» **Exercise directions**
Please transcribe the listing that follows exactly; images are to be excluded.

» **Exercise data**
------------
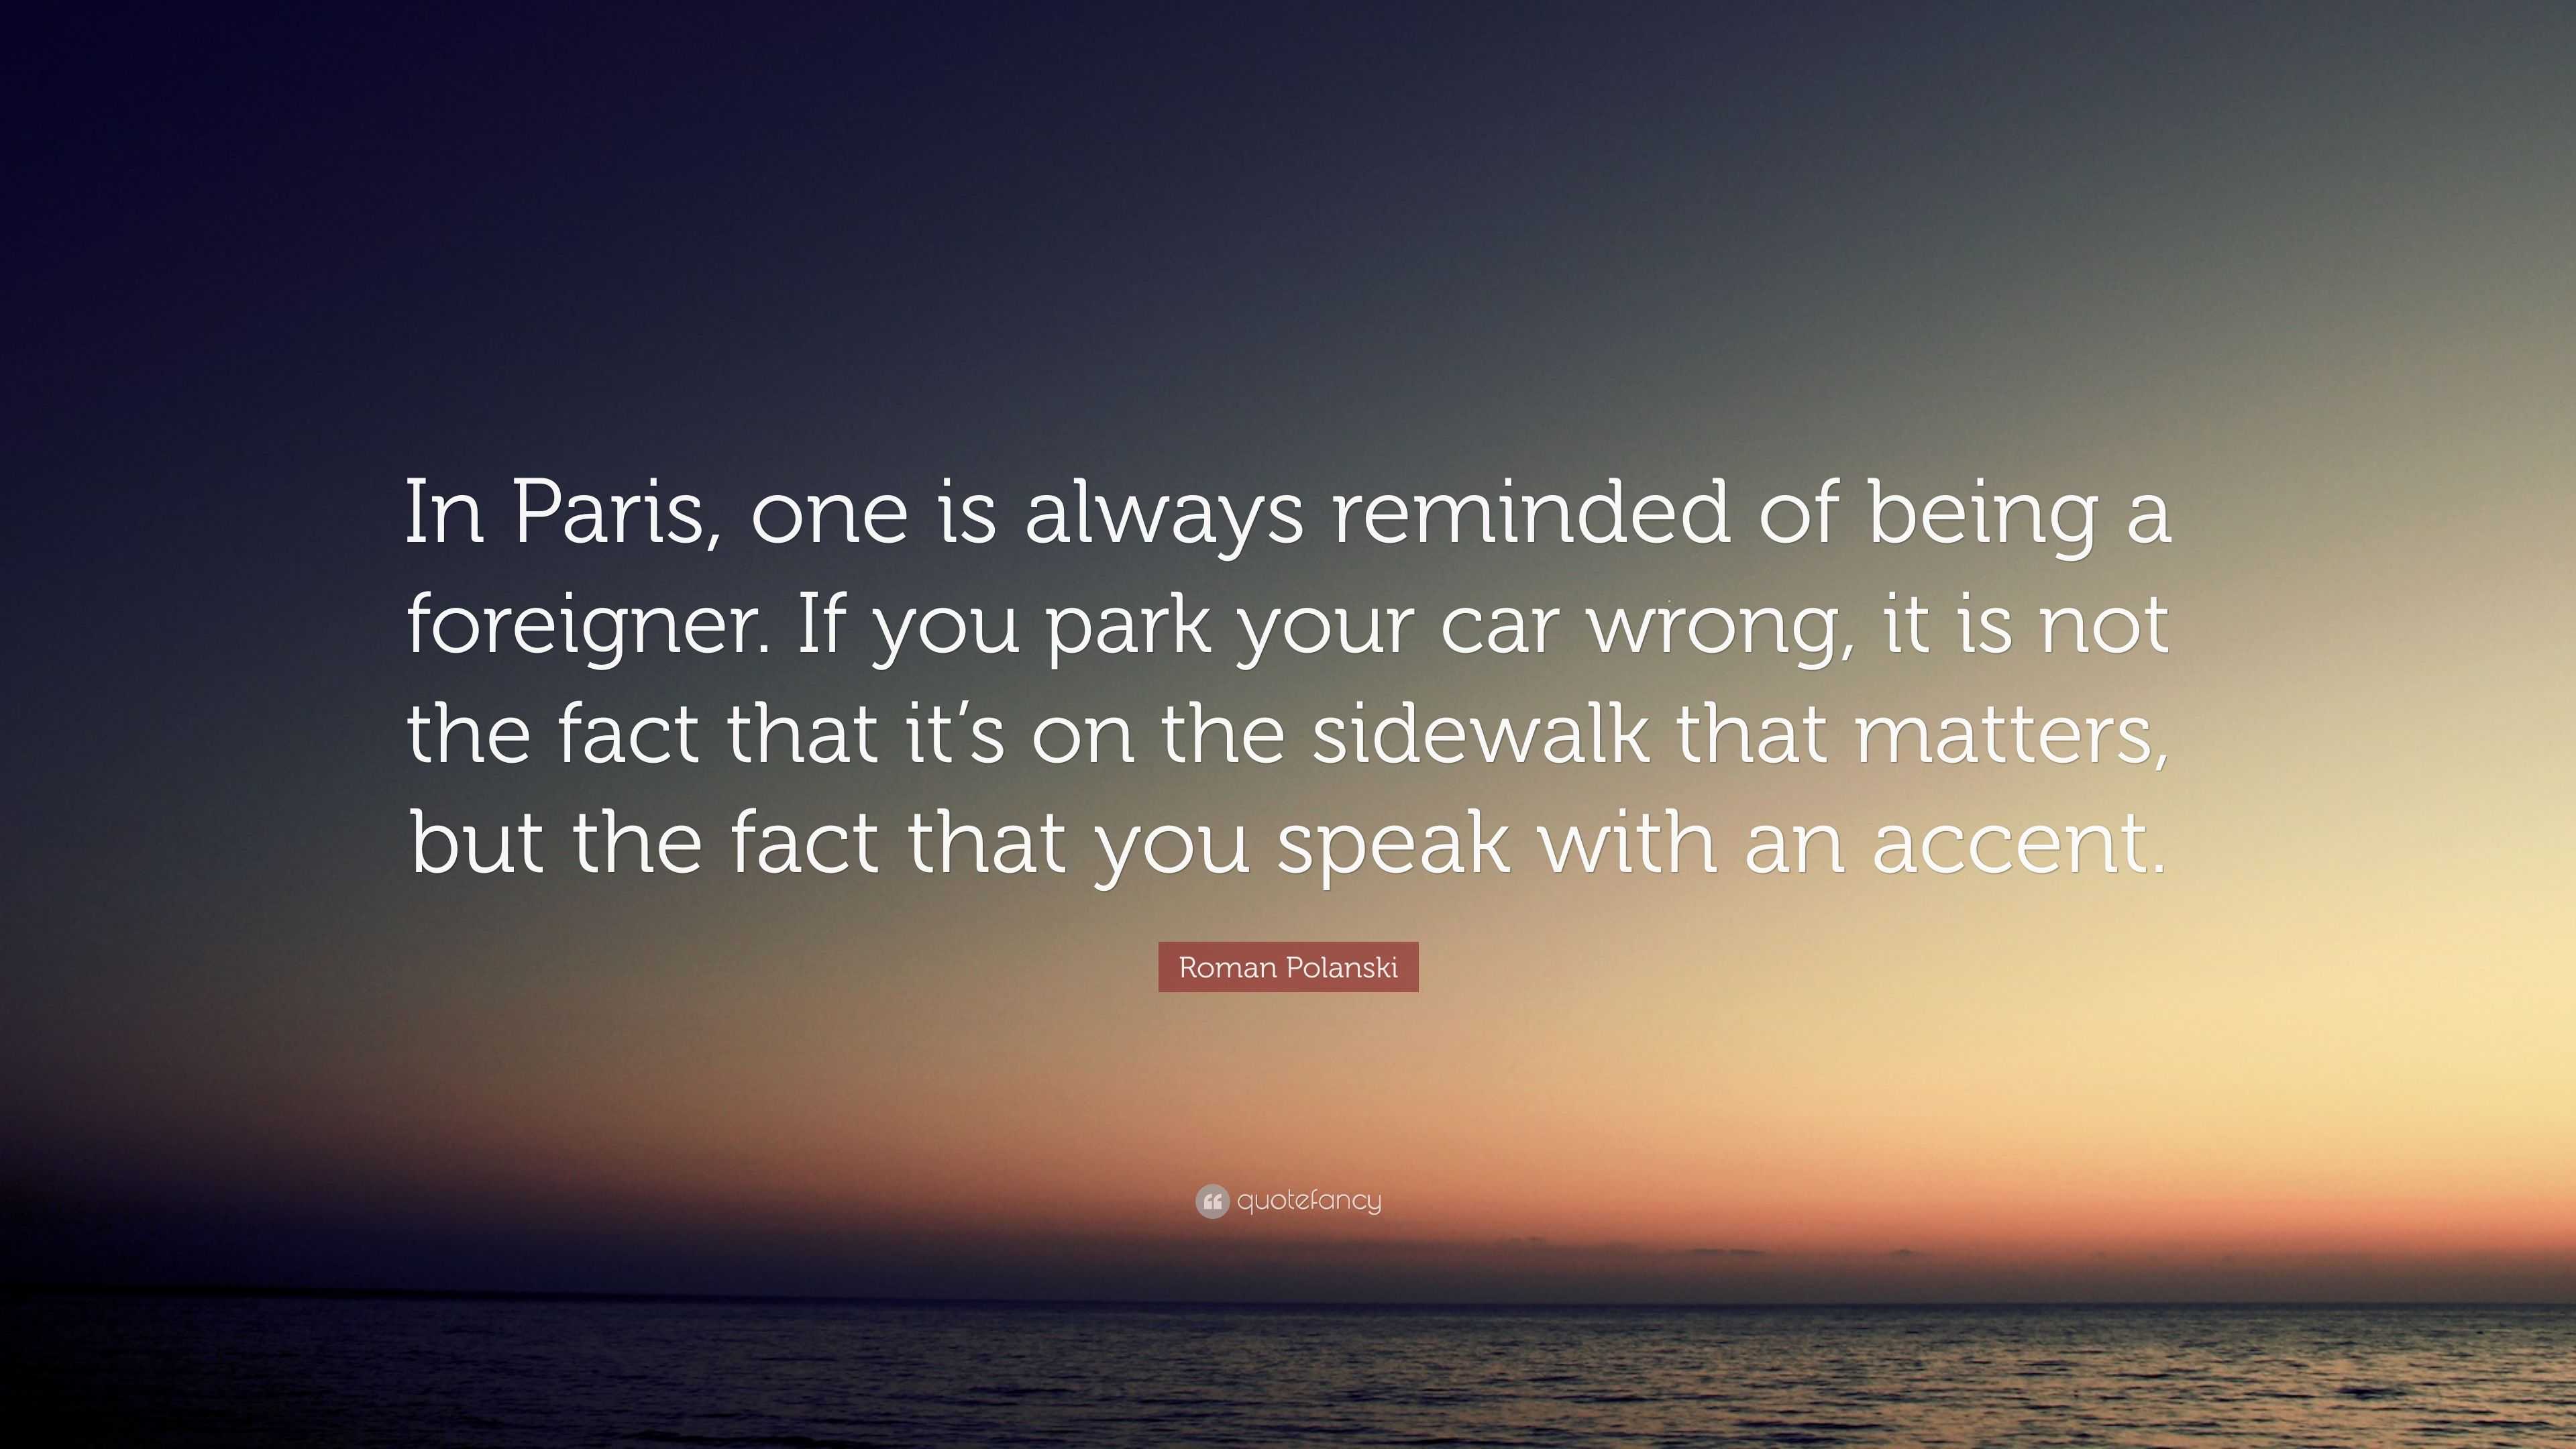 Roman Polanski Quote: “In Paris, one is always reminded of being a ...
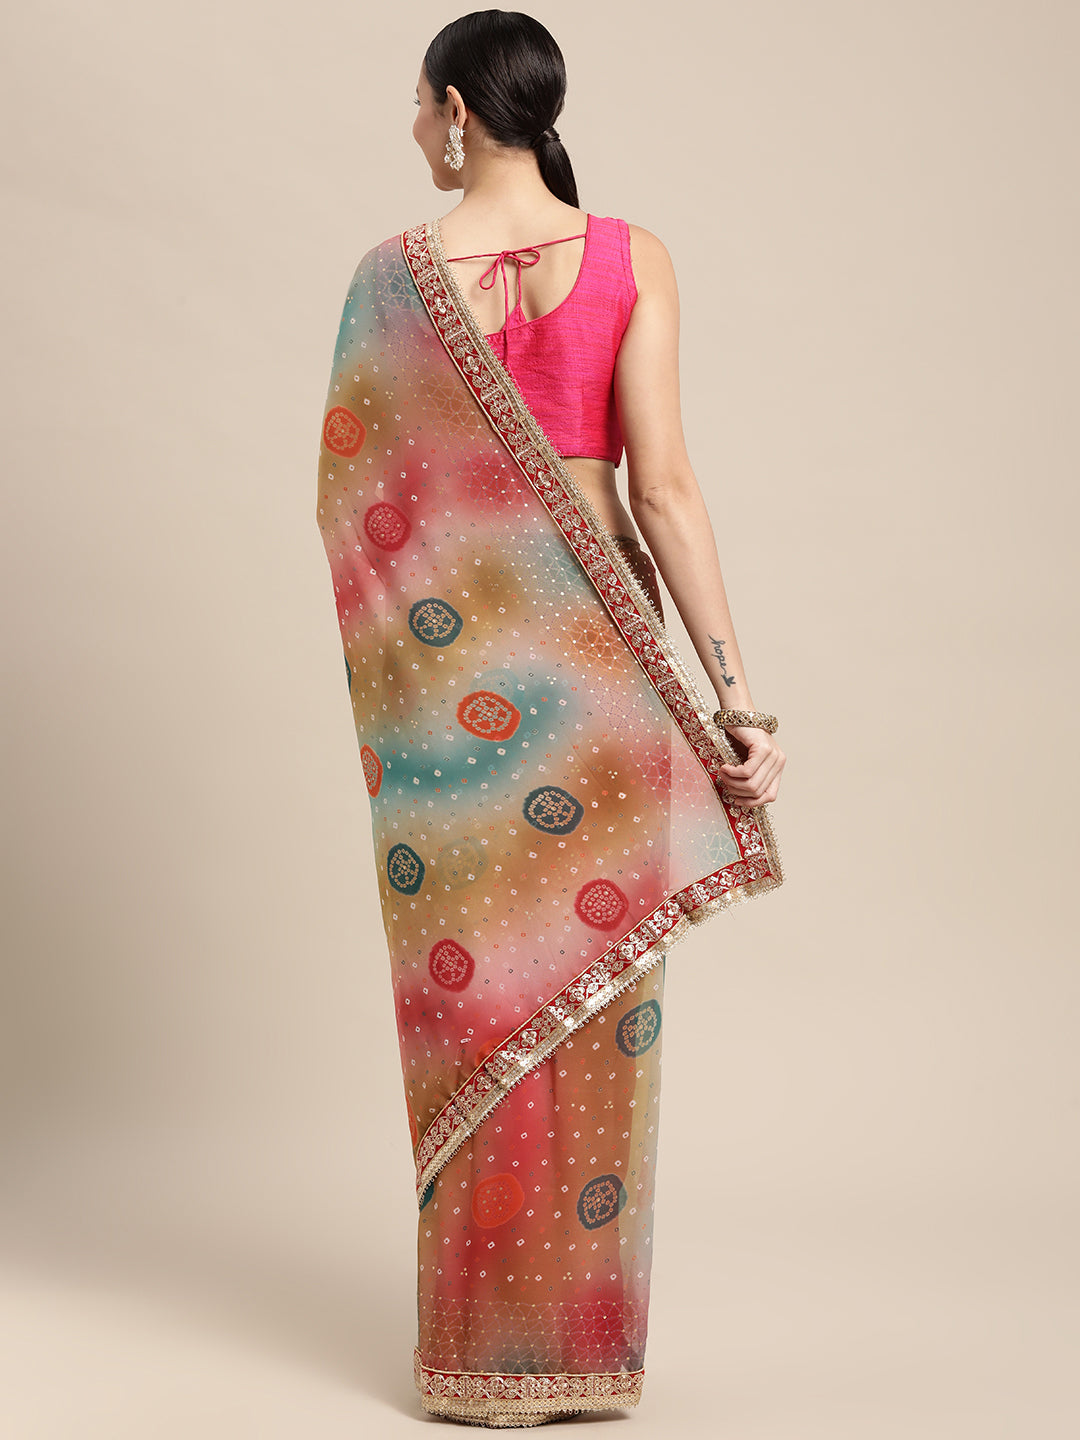 Georgette Bandhani Saree With Foil Print And Lace Border
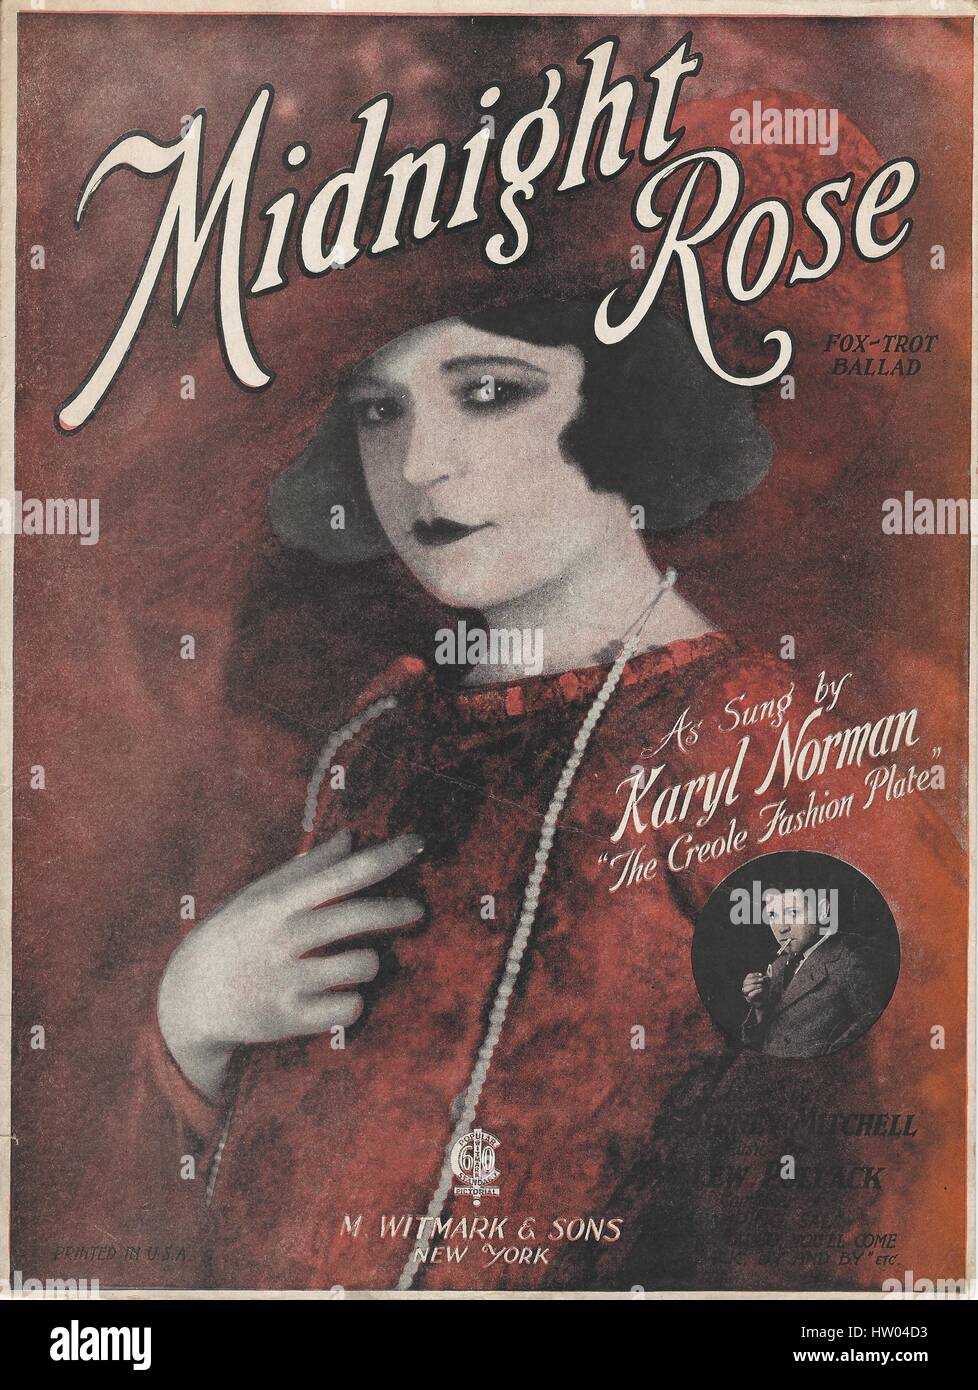 'Midnight Rose' 1923 Karyl Norman Female Impersonator Sheet Music Cover Stock Photo
------------
» **Output below**
 Roman Polanski Quote: “In Paris, one is always reminded of being a ...
 Georgette Bandhani Saree With Foil Print And Lace Border
 'Midnight Rose' 1923 Karyl Norman Female Impersonator Sheet Music Cover Stock Photo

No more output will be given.